Action item:
For any picture in the lines below, please leave it out and copy the rest exactly.

Exercise data:
------------
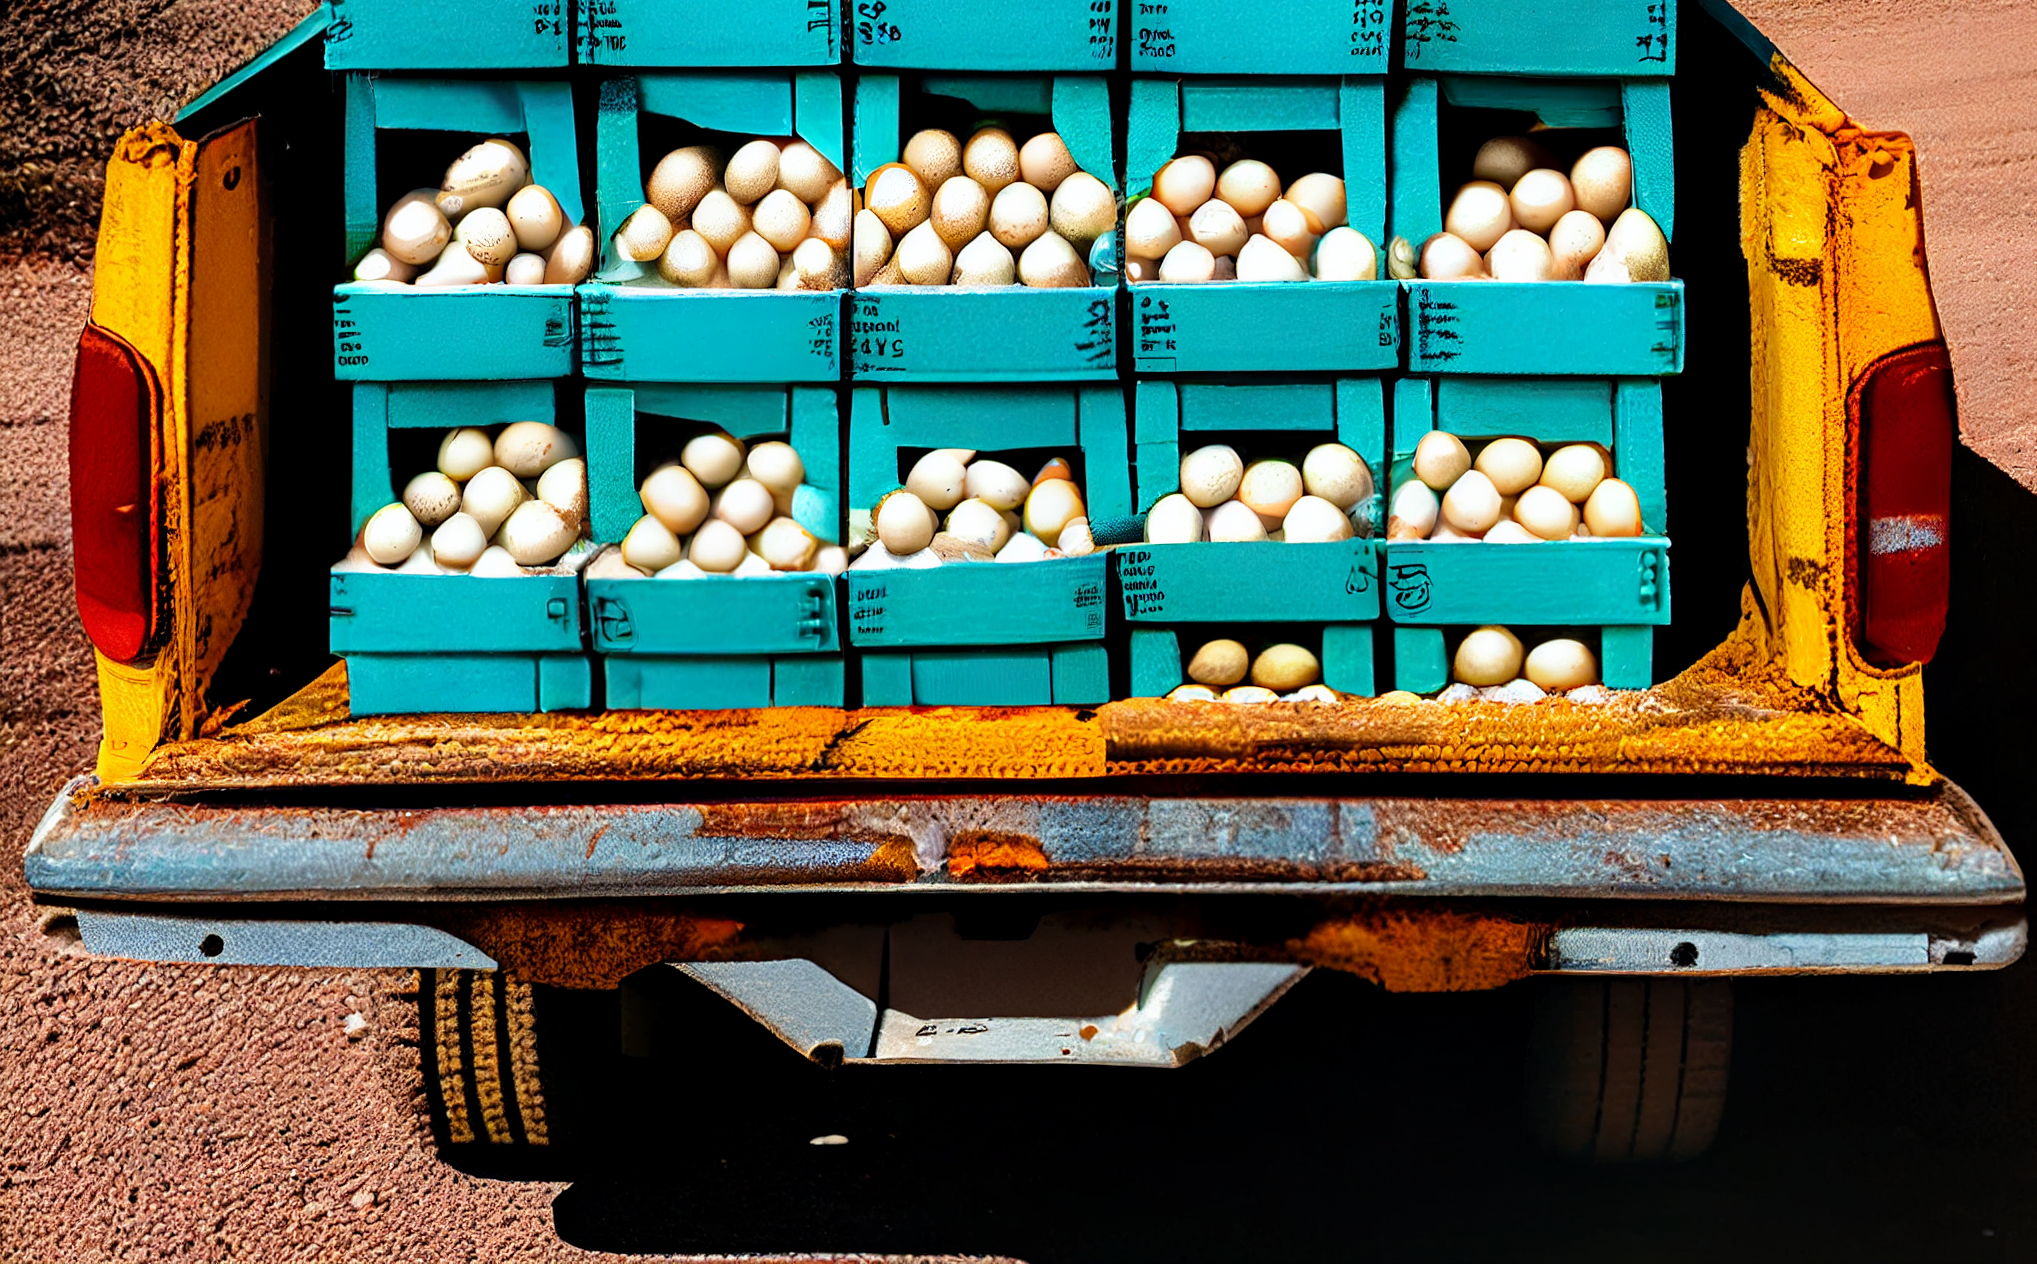 Americans Smuggle Eggs Over Border Due to Soaring Prices
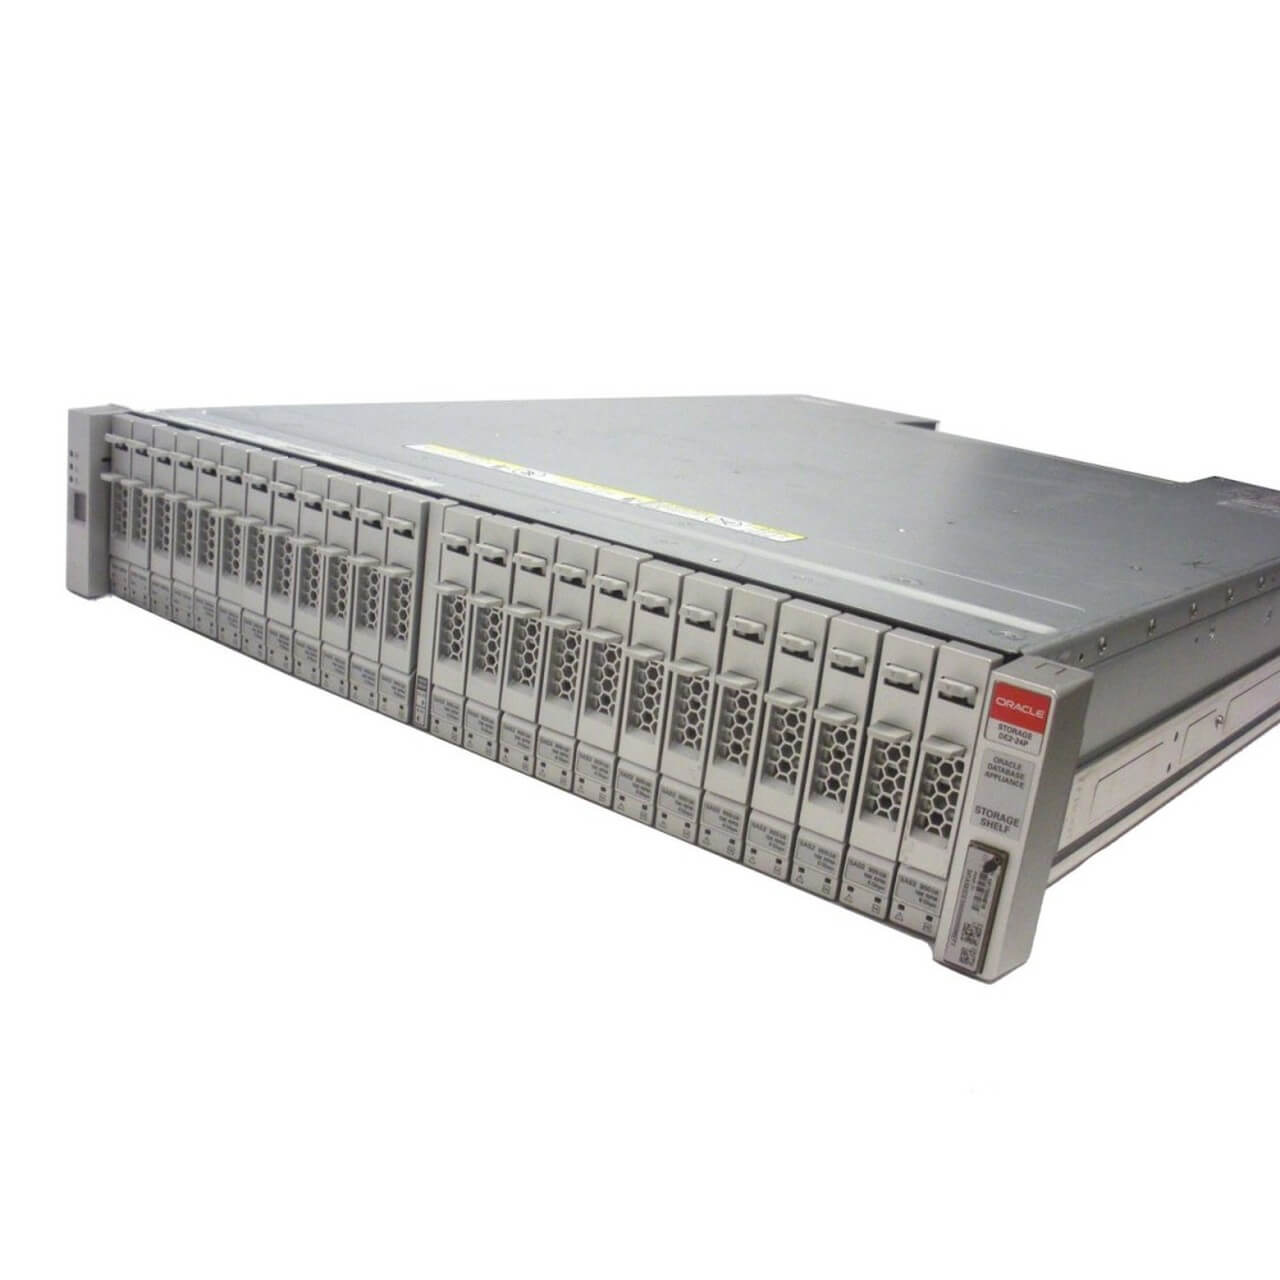 Buy & save on refurbished Oracle Sun Storage Arrays from your trusted partners at Flagship Technologies.
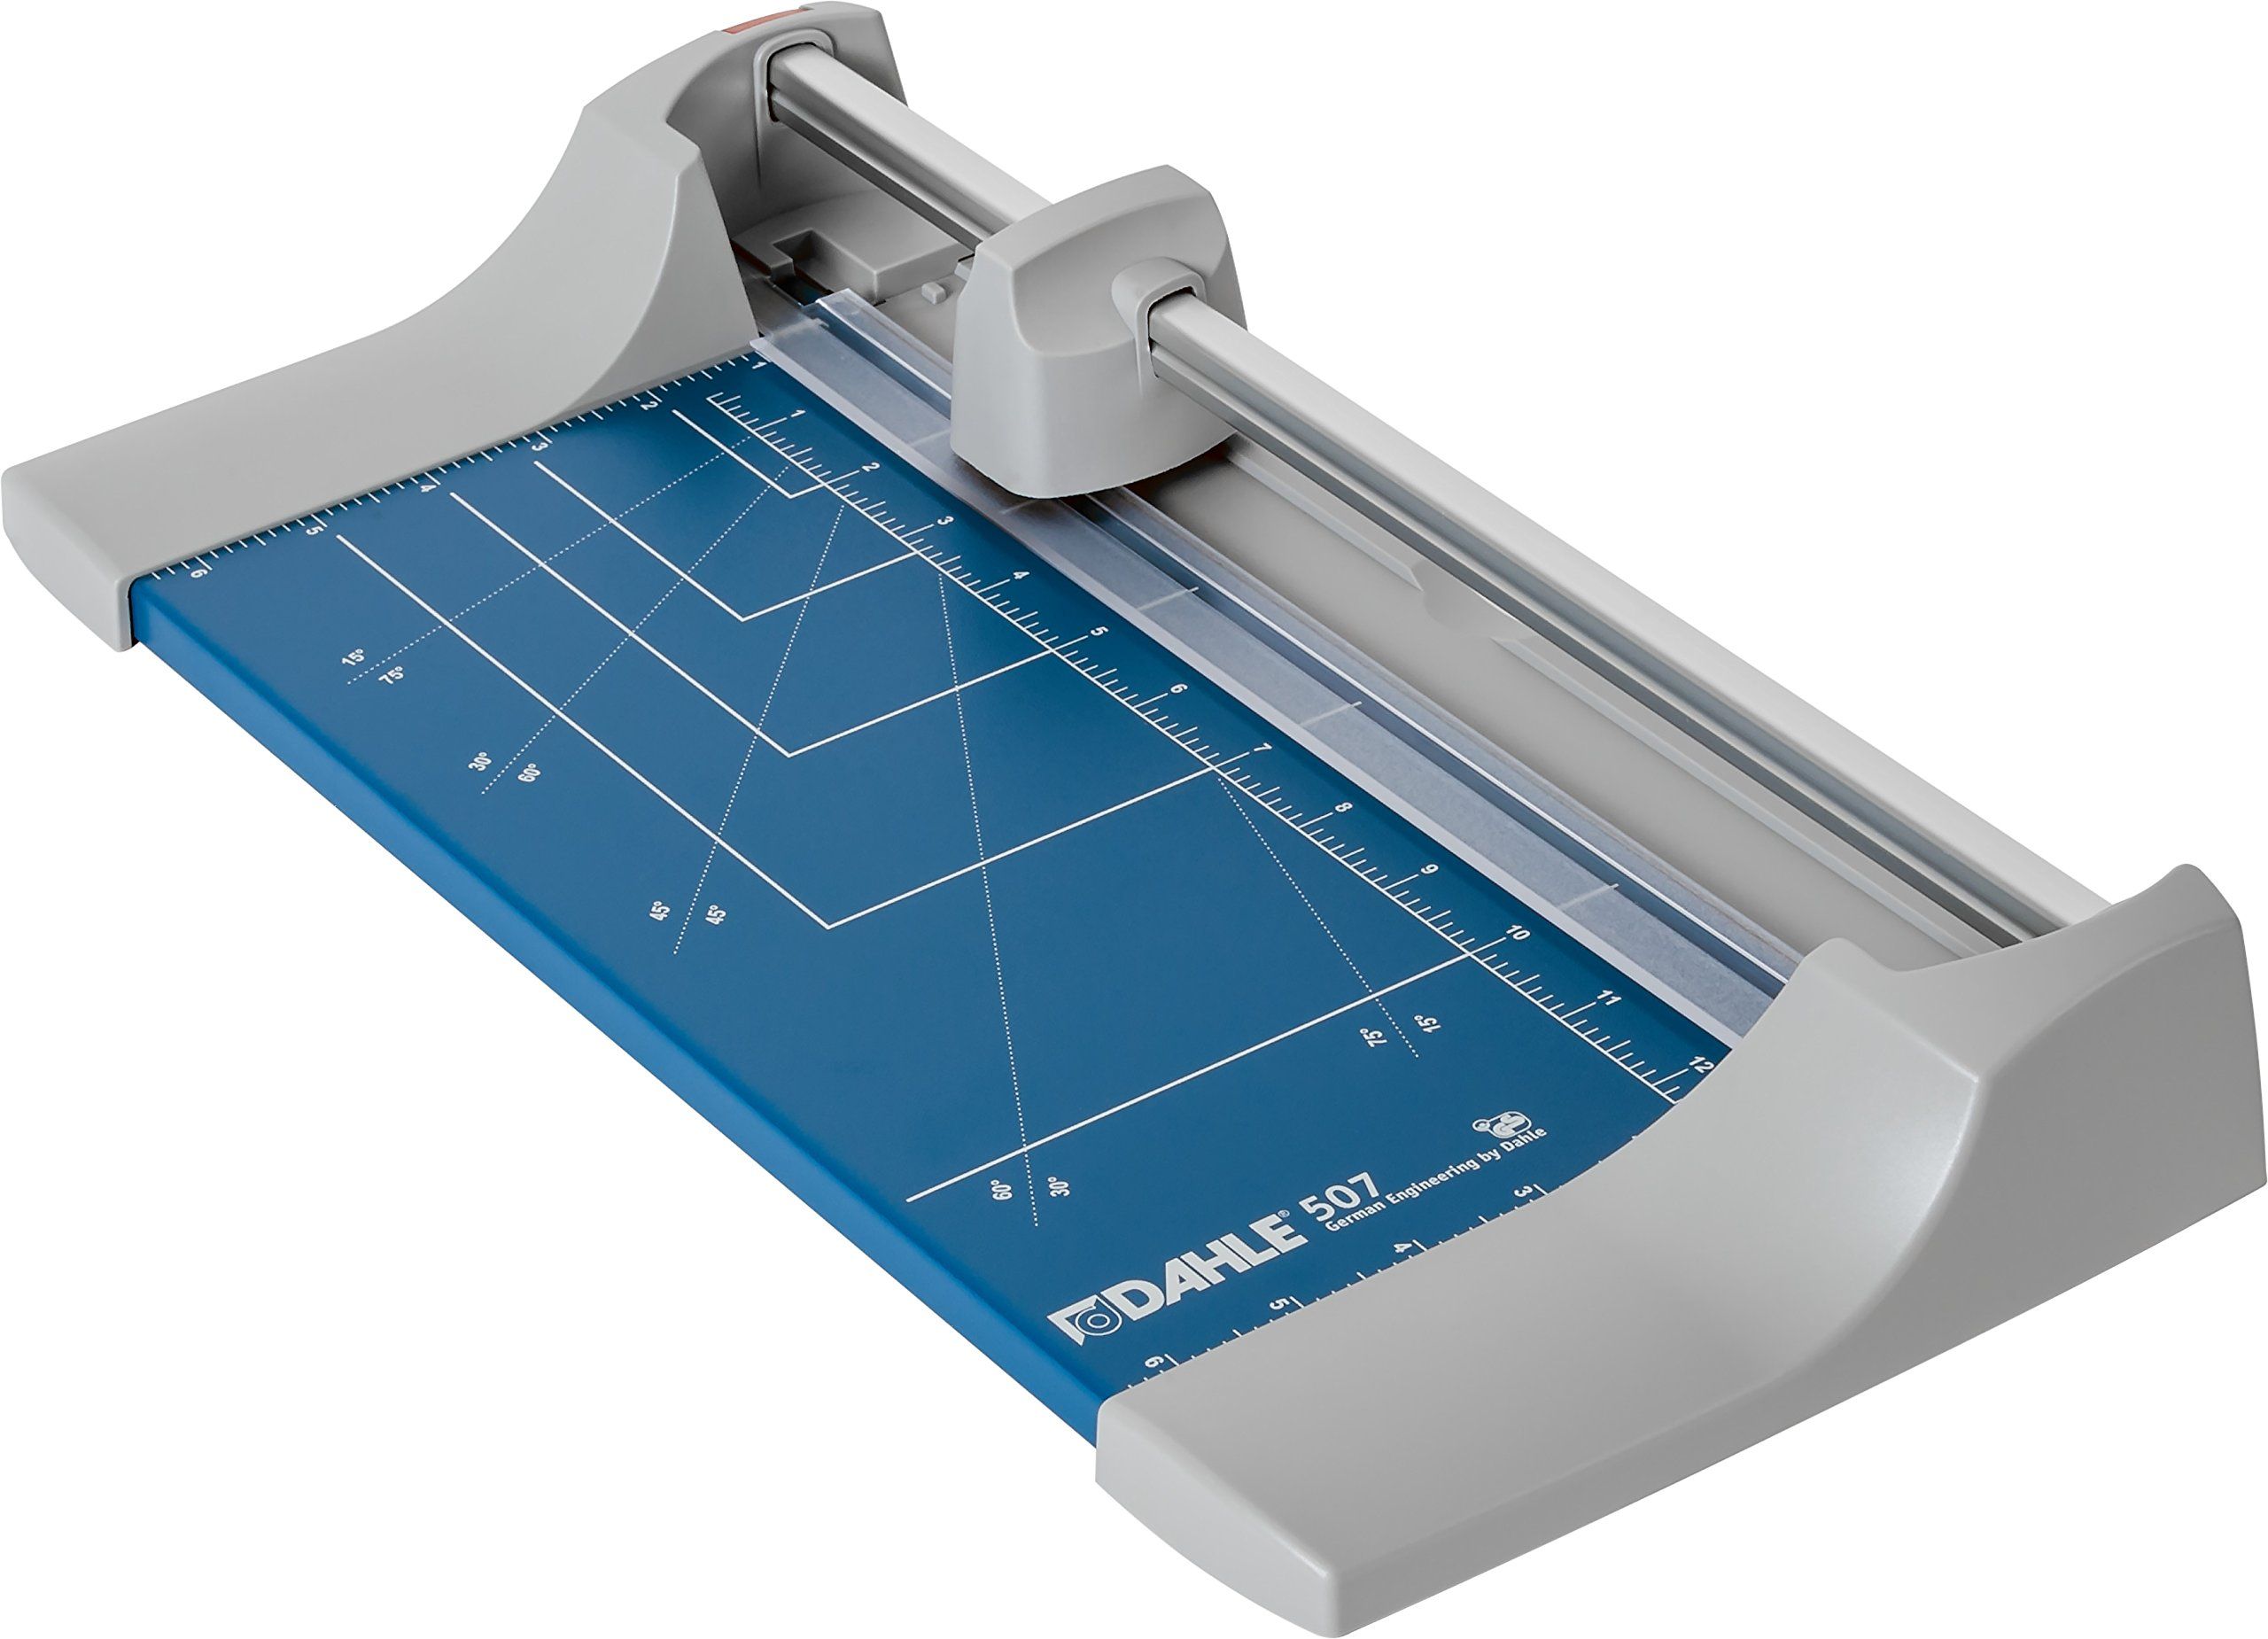 Dahle 507 Personal Rotary Trimmer, 12" Cut Length, 7 Sheet Capacity, Self-Sharpening, Automatic Clamp, German Engineered Paper Cutter | Amazon (US)
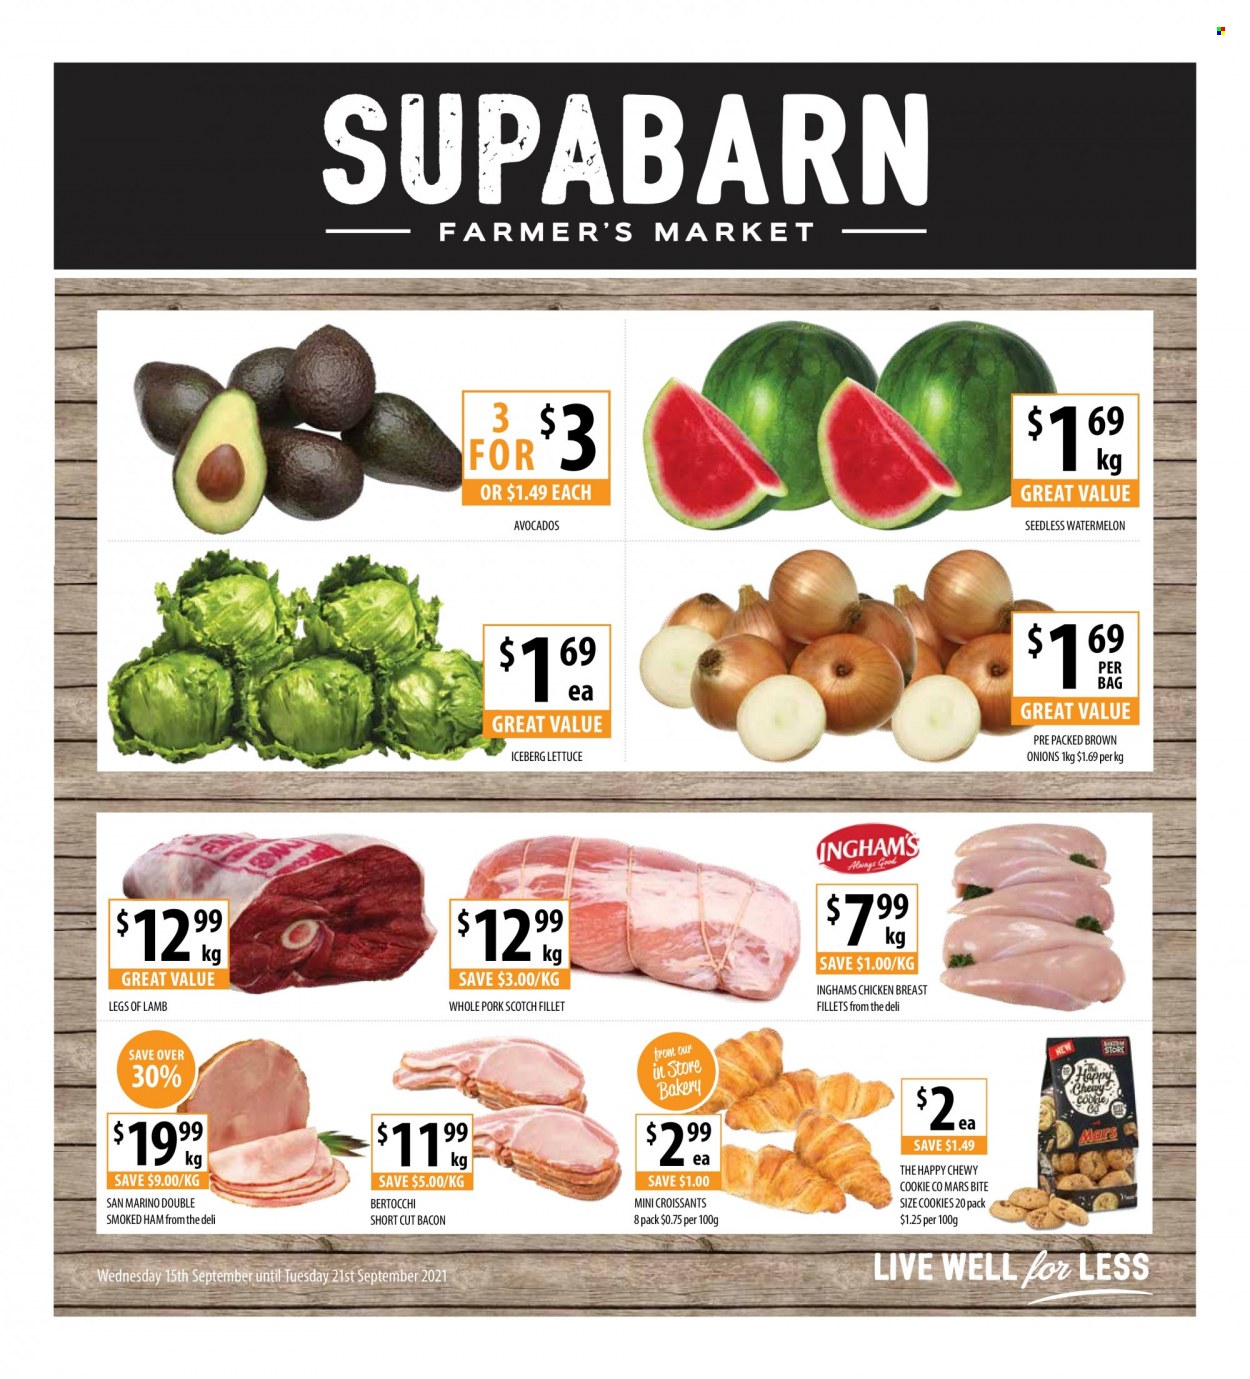 thumbnail - Supabarn Catalogue - 15 Sep 2021 - 21 Sep 2021 - Sales products - croissant, onion, lettuce, avocado, watermelon, bacon, ham, smoked ham, cookies, Mars, chicken breasts, bag. Page 1.
------------
Task result:
 Americans Smuggle Eggs Over Border Due to Soaring Prices
 Buy & save on refurbished Oracle Sun Storage Arrays from your trusted partners at Flagship Technologies.
 Dahle 507 Personal Rotary Trimmer, 12" Cut Length, 7 Sheet Capacity, Self-Sharpening, Automatic Clamp, German Engineered Paper Cutter | Amazon (US)
 thumbnail - Supabarn Catalogue - 15 Sep 2021 - 21 Sep 2021 - Sales products - croissant, onion, lettuce, avocado, watermelon, bacon, ham, smoked ham, cookies, Mars, chicken breasts, bag. Page 1.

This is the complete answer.